Saya lalu cemas. Benar-benar cemas.

Meski tidak selalu dilarang. Musik dibolehkan dalam Hari Raya dan pernikahan, dengan catatan: hanya dengan rebana, oleh perempuan, tidak mendayu-dayu atau membuat pendengarnya menari-nari (lengkapnya di https://rumaysho.com/372-saatnya-meninggalkan-musik.html ).

Dalam sebuah pesta, hati saya kembali disentak oleh pemandangan di atas pentas: penyanyi yang bersemangat, pemusik yang handal, lalu para tamu (yang kebanyakan tidak muda lagi) yang berdansa serempak di bawah.
Sang penyanyi dan pemusik sedang mencari nafkah, tentu. Tapi, apa mereka sudah tahu hukumnya? Para tamu ikut menari karena alasan sosial atau solidaritas, mungkin. Apa mereka tahu hukumnya? Jika mereka belum tahu, dan mengganggap bermusik itu boleh, apa mereka berdosa?

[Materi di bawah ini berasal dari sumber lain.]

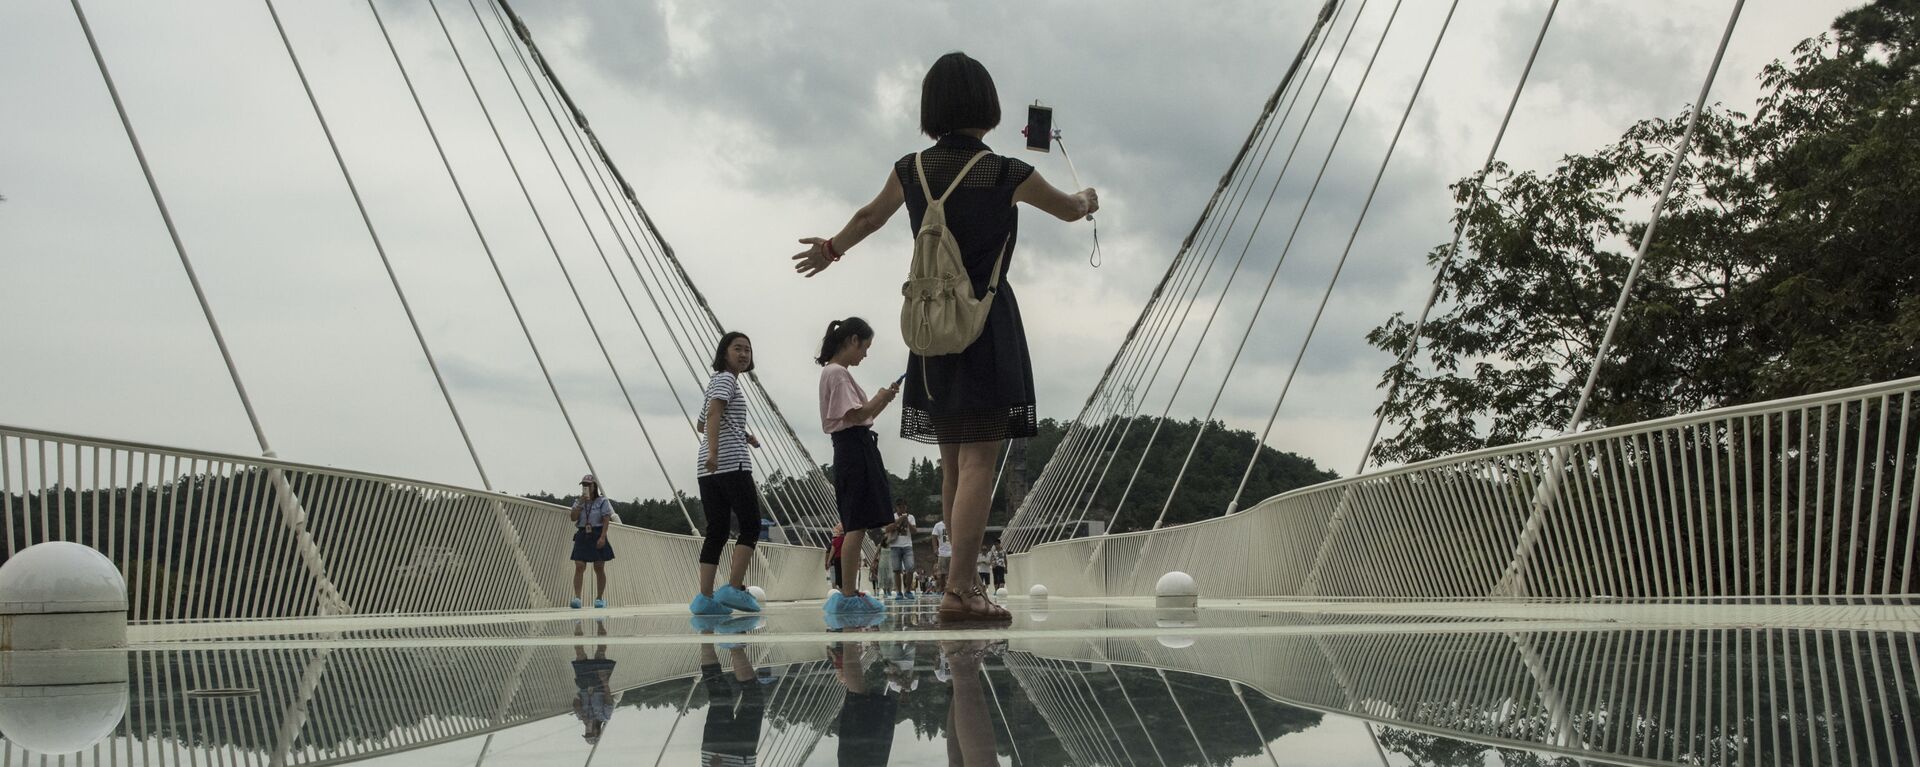 أطول جسر زجاجي في العالم - جسر زجاجي يمر من فوق وادي زانغجياجي بمقاطعة هونان في الصين  - سبوتنيك عربي, 1920, 27.09.2021

Saya pun menepuk kepala saya sendiri. Aduh! Untuk apa mempermasalahkan perbuatan orang lain? Saya sendiri bagaimana?

Siapapun yang mengenal saya tahu pasti,  musik dan diri saya adalah dua hal yang sangat lekat. Penyiar radio dan bermain band pernah menjadi jejak di kehidupan saya dulu. Tidak sedikit lagu yang pernah saya cipta dengan bantuan keyboard Roland saya. Singkat kata, hampir setiap hari saya membiarkan kegiatan saya diiringi musik.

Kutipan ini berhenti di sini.